*** Opening Exercise data ***

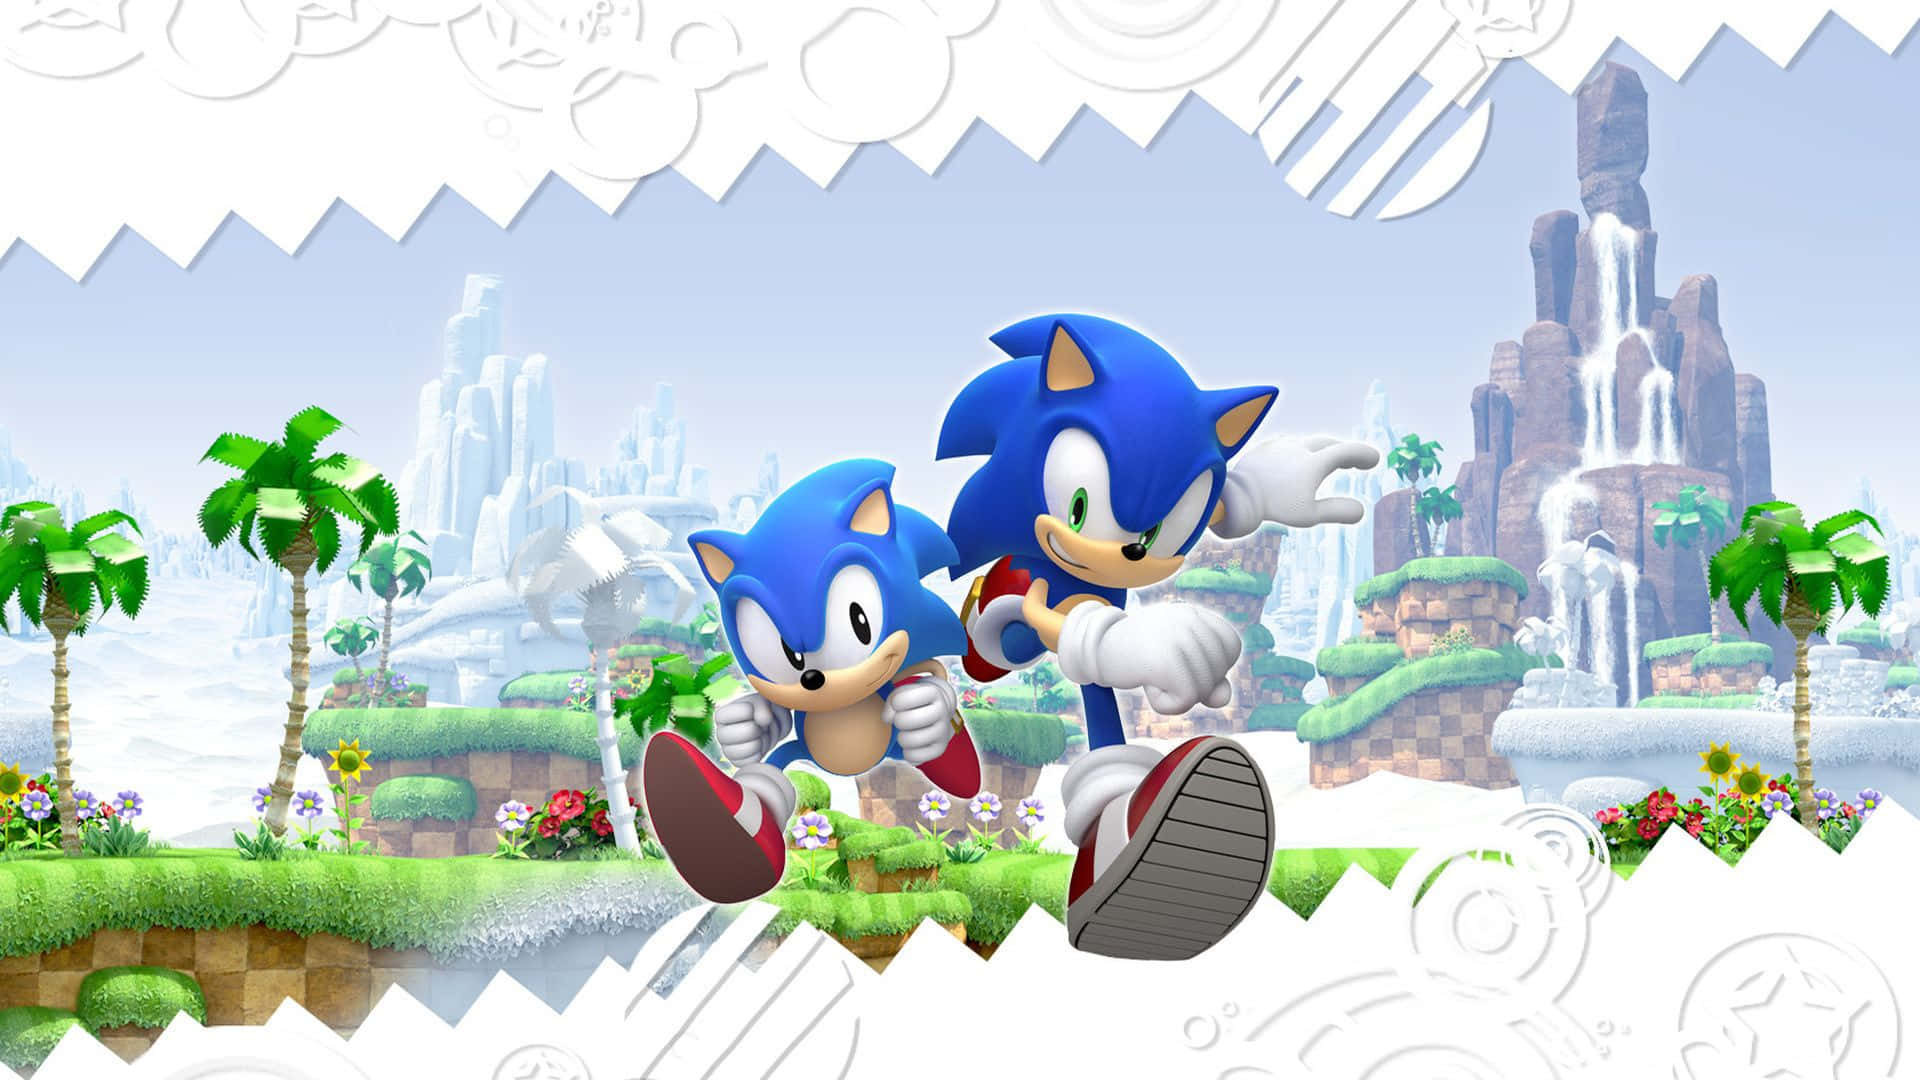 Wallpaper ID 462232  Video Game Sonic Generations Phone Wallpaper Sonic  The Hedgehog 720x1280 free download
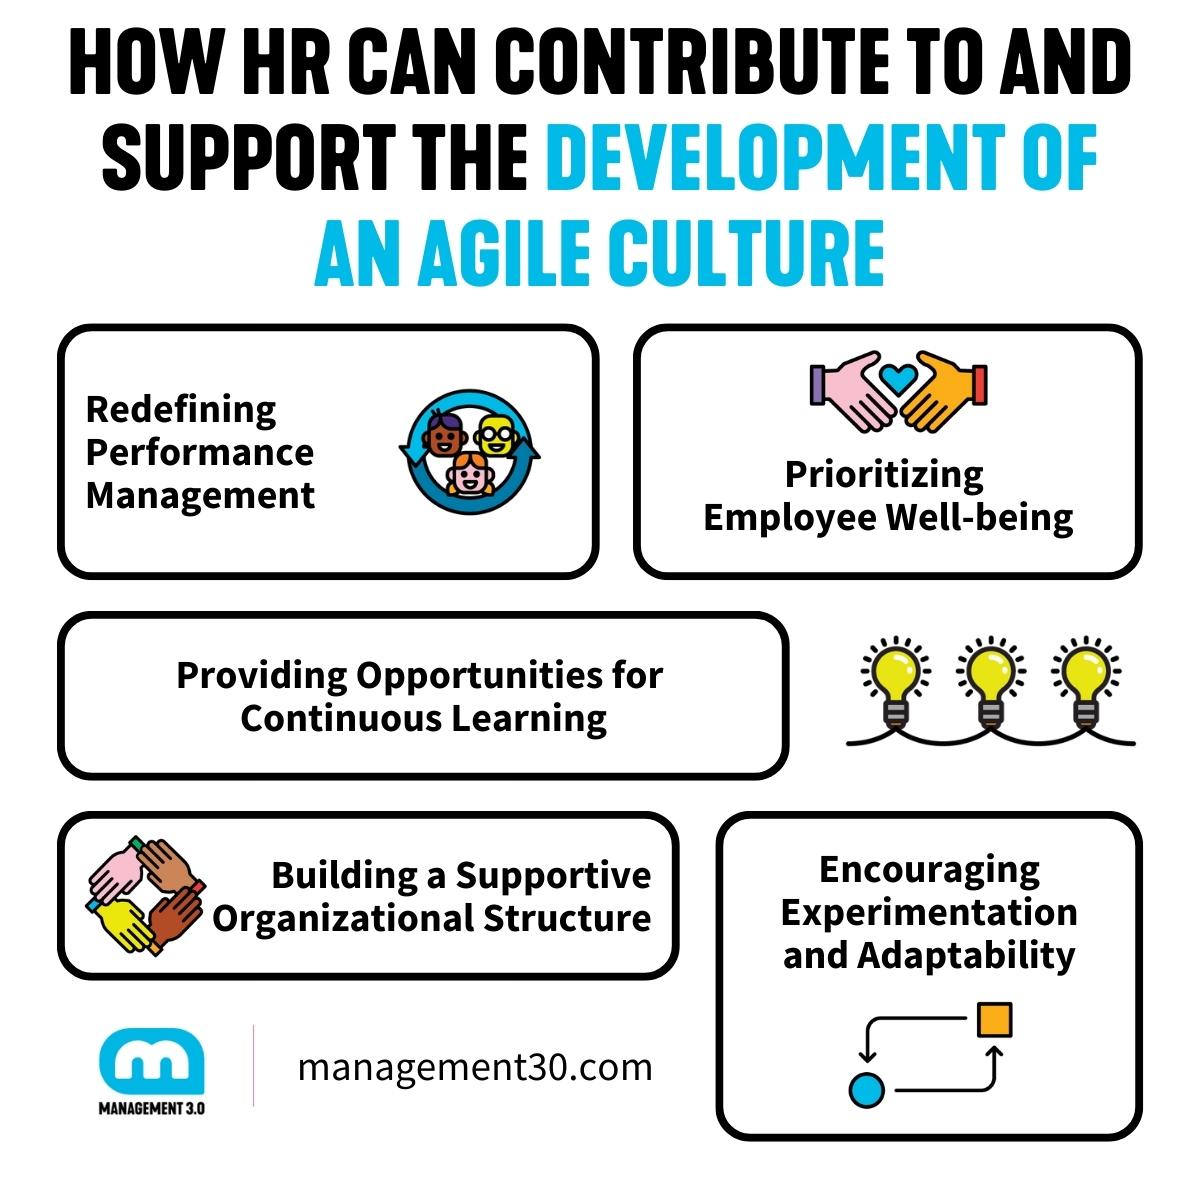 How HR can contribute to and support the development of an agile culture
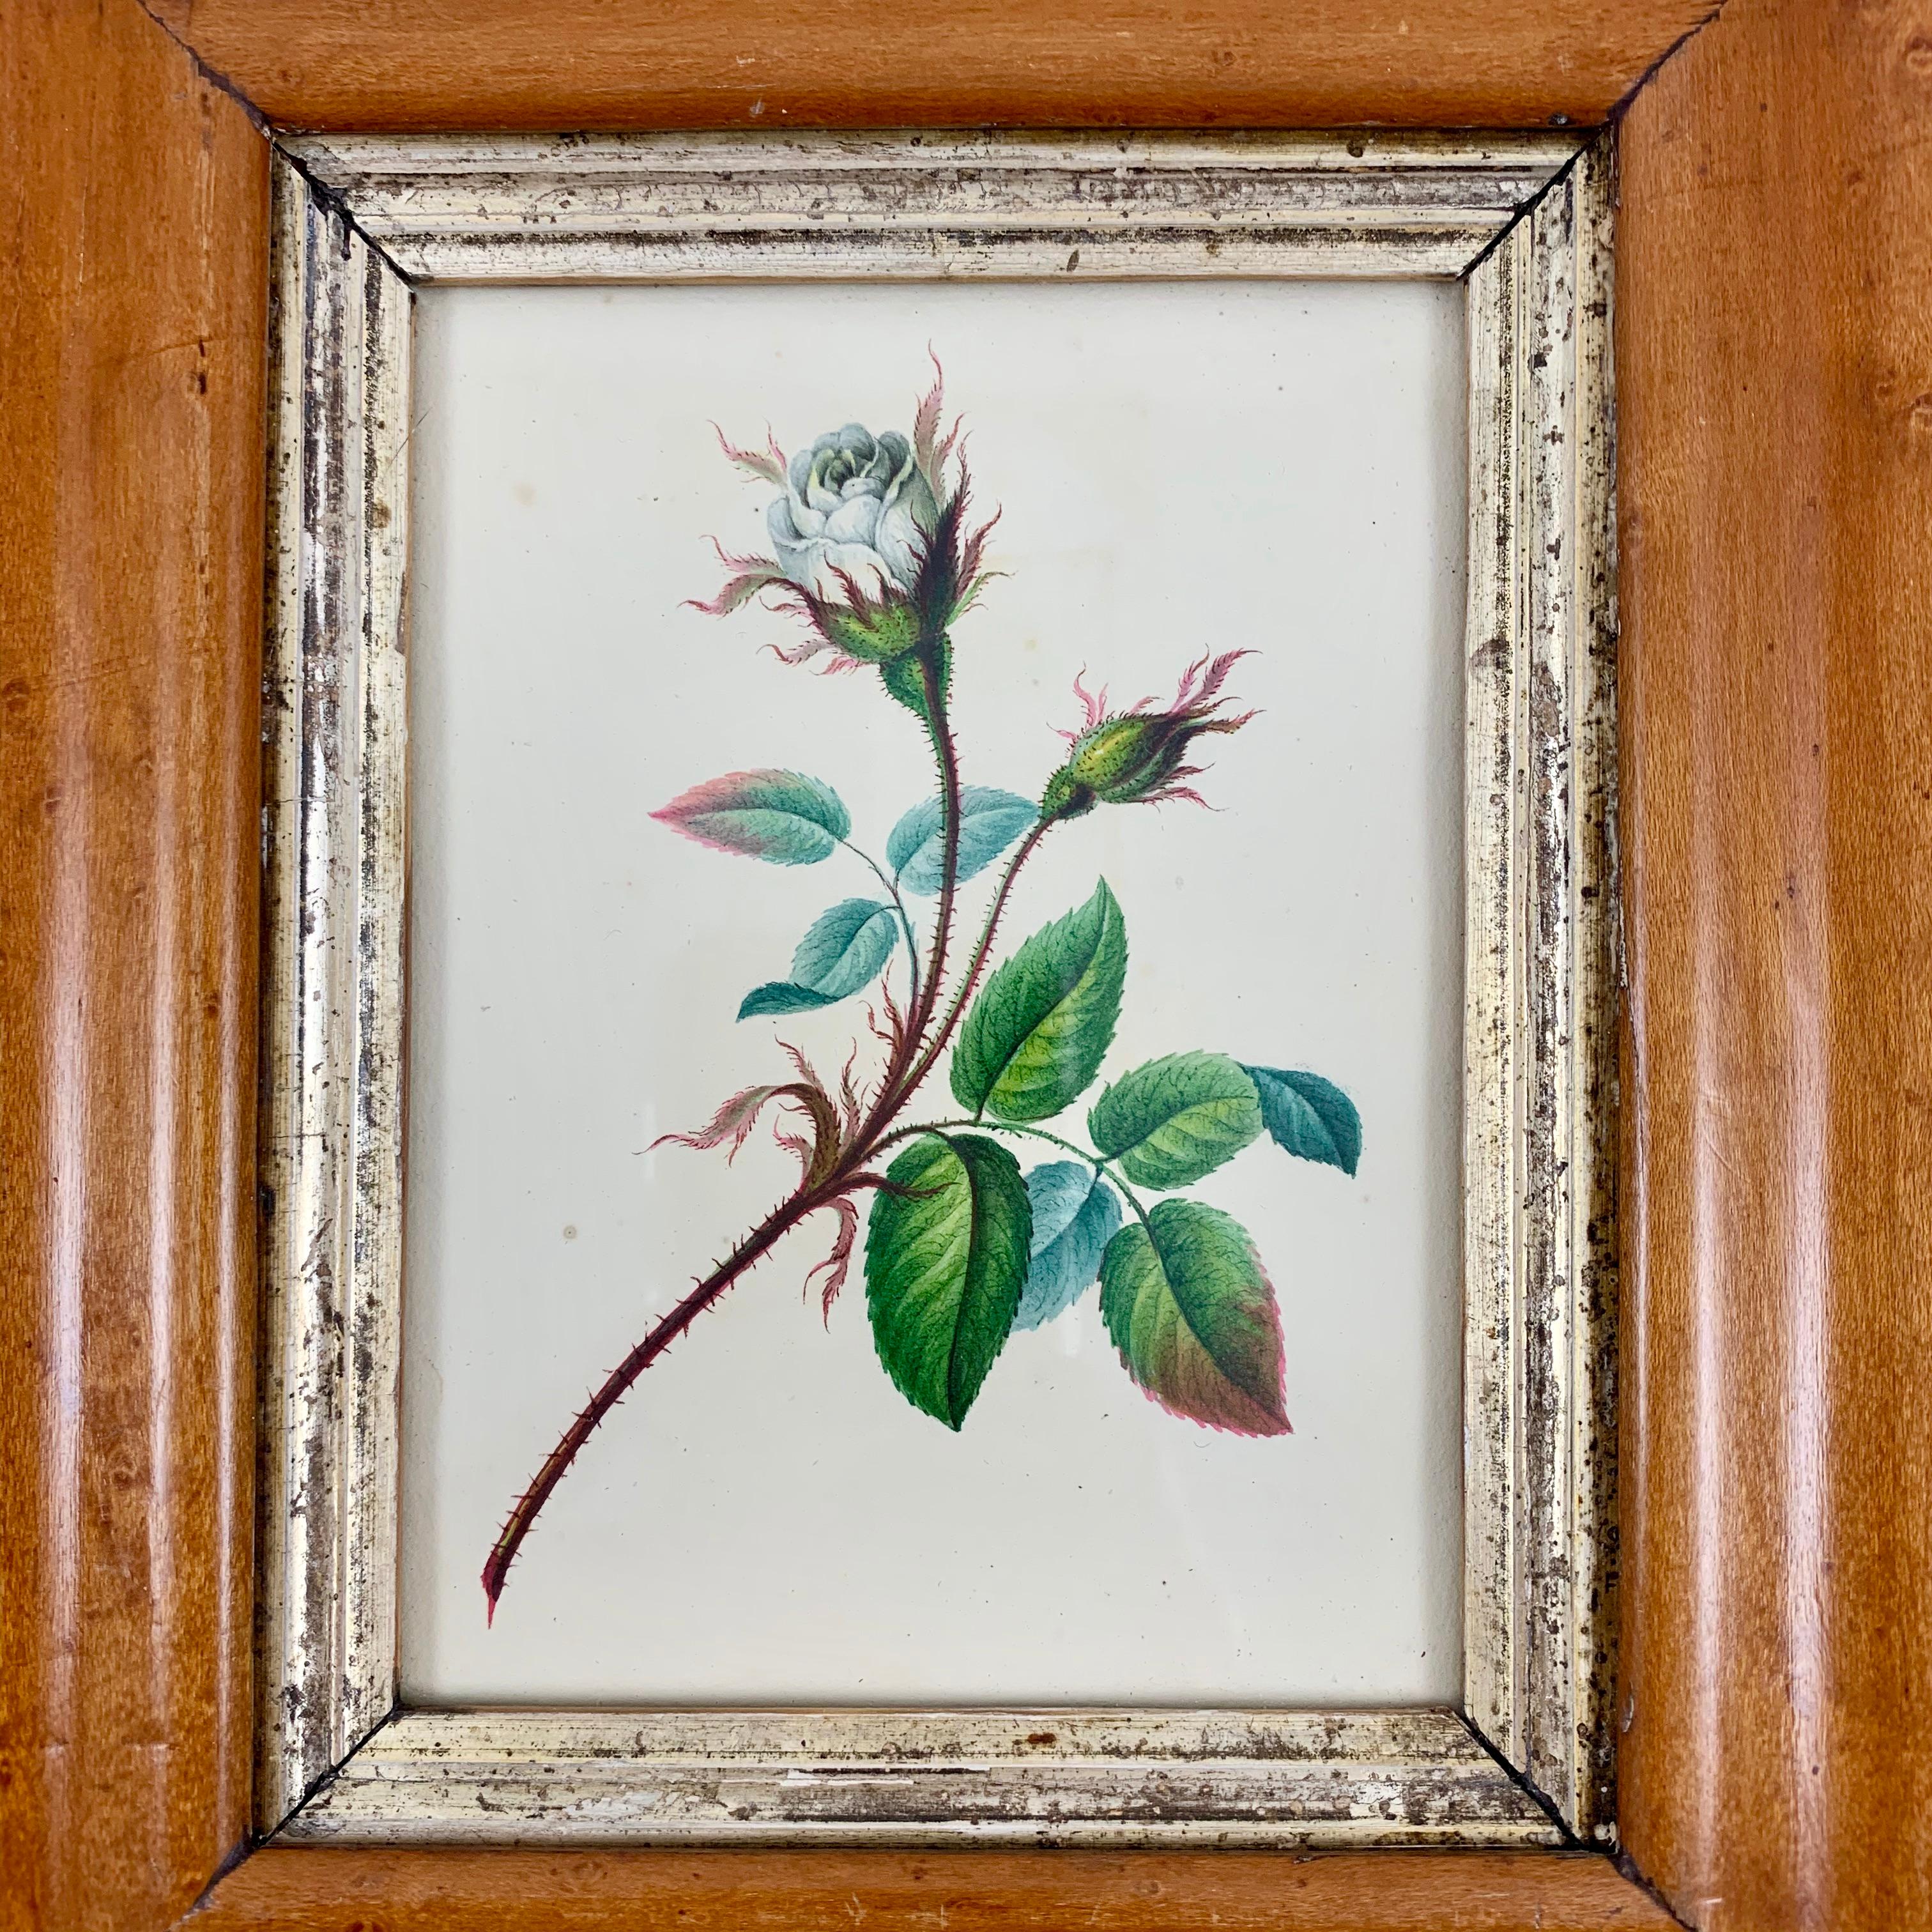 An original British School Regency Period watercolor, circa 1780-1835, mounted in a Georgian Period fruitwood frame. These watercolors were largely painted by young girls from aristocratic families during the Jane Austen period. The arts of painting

*** Closing Exercise data ***

Exercise objective →
Set down each line of the material exactly and skip every image.

Answer area →
 Wallpaper ID 462232  Video Game Sonic Generations Phone Wallpaper Sonic  The Hedgehog 720x1280 free download
 How HR can contribute to and support the development of an agile culture
 An original British School Regency Period watercolor, circa 1780-1835, mounted in a Georgian Period fruitwood frame. These watercolors were largely painted by young girls from aristocratic families during the Jane Austen period. The arts of painting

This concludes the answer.